Человеческая душа не знает насыщения. Если бы можно было подраться один раз, и на всю оставшуюся жизнь! Кстати, это касается не только драки.

В большей или меньшей степени, драки случались каждую смену. Если клиент считал себя несправедливо обиженным, и вызывал милицию, то он мог и поплатиться. Милиция была у нас прикормлена. Более того — милиция и была нашей «крышей».

Ментам тоже платили из кассы.

Пожаловавшегося клиента могли забрать. До выяснения. Если при клиенте оставались деньги, менты их изымали, и оставляли человека на ночь в обезьяннике. Наутро менты выкидывали протрезвевшего клиента, который рад был убежать от них подальше.

И зарекался, бедный, когда нибудь звонить по «02».

В каждом зале работал бар, вечером — ресторан.

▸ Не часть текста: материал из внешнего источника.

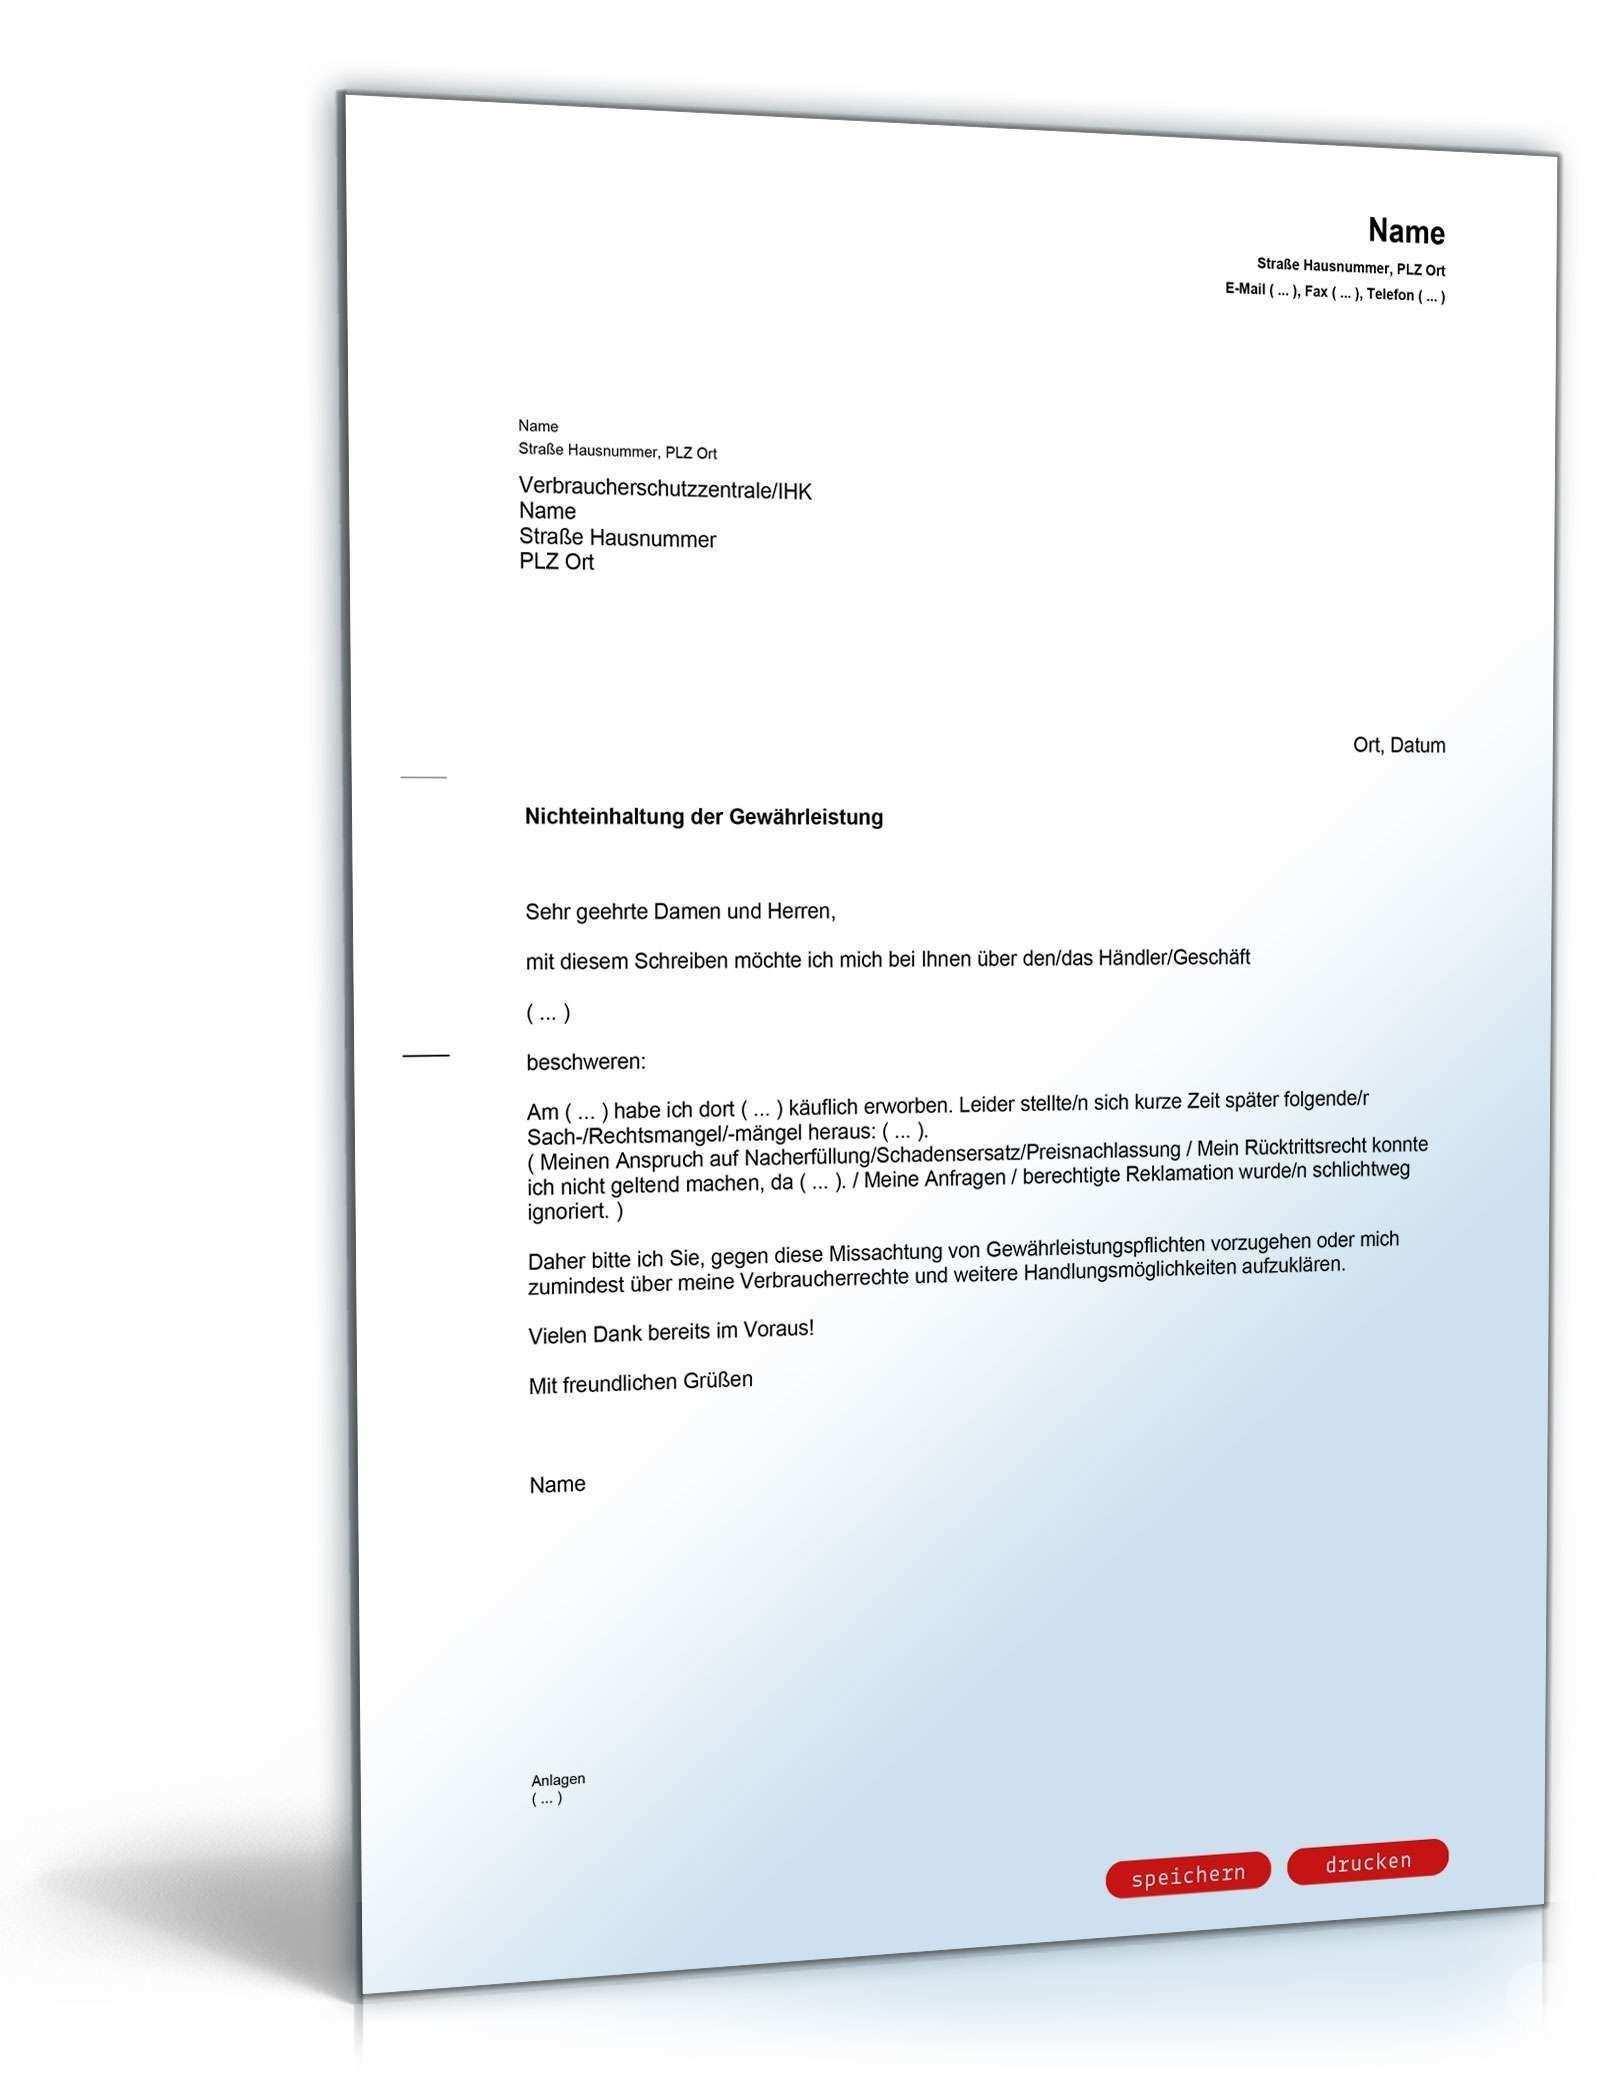 Frisch Musterschreiben Schadensersatz Briefprobe Briefformat Briefvorlage Lebenslauf Vorlagen Word Empfehlungsschreiben

Бармены — не доливали, официанты — обсчитывали, и жили за счёт чаевых, менеджеры залов воровали со складов. Мы (наша доблестная бригада) были не лучше, и не хуже остальных. У нас просто была своя статья дохода.

Осенью появились ещё и гардеробщики. Белая кость, двое на смену. Эти торговали местами для пальто. Если народу было много, то мест в гардеробе не хватало. За сто рублей можно было всегда купить крючок, а за двести — vip крючок. Или плечики, чтобы повесить дорогую шубу.

У гардеробщиков была небольшая комнатка, откуда они выносили плечики, и куда уносили дорогую шубу. Там они бросали шубу на пол, а в карман шубы вкладывали бумажку с номером. И снова торжественно выносили плечики.

Когда клубная жизнь была в разгаре, гардеробщики валялись в своей комнатке на дорогих шубах, и играли в карты. Иногда — сами валялись, иногда — со своими девочками.

Так протекала клубная жизнь.

Меньше двухсот долларов за смену я не получал.

Я разбаловался, и иногда позволял себе прокатиться со смены на такси.

Я летел на машине, и любовался Москвой… Нет, конечно, я не мог сказать, что Москва лежала у моих ног.

Но что-то такое я чувствовал, в эти мгновения. Что-то подобное…

Чем больше я работал, тем меньше мучился, что везу со смены свои «законные» баксы.

Я чувствовал себя богатым!!! Я чувствовал себя хозяином жизни!!! Я многое мог купить — почти всё.

Почти. Ко всему вышеперечисленному, всё таки, надо было прибавить слово «почти». Училкин сын ещё шевелился во мне, пытаясь приподнять свою побитую, дурную голову.

Ни Наташа, ни Митя, и никто в моей смене не знал, что я — «училкин сын». Об этом знал только один человек — я сам. Если бы я сказал кому-нибудь, что я каждый раз глушу свою совесть, доставая из кармана двести «левых» баксов — меня бы обсмеяли, и в очередной раз назвали бы дураком.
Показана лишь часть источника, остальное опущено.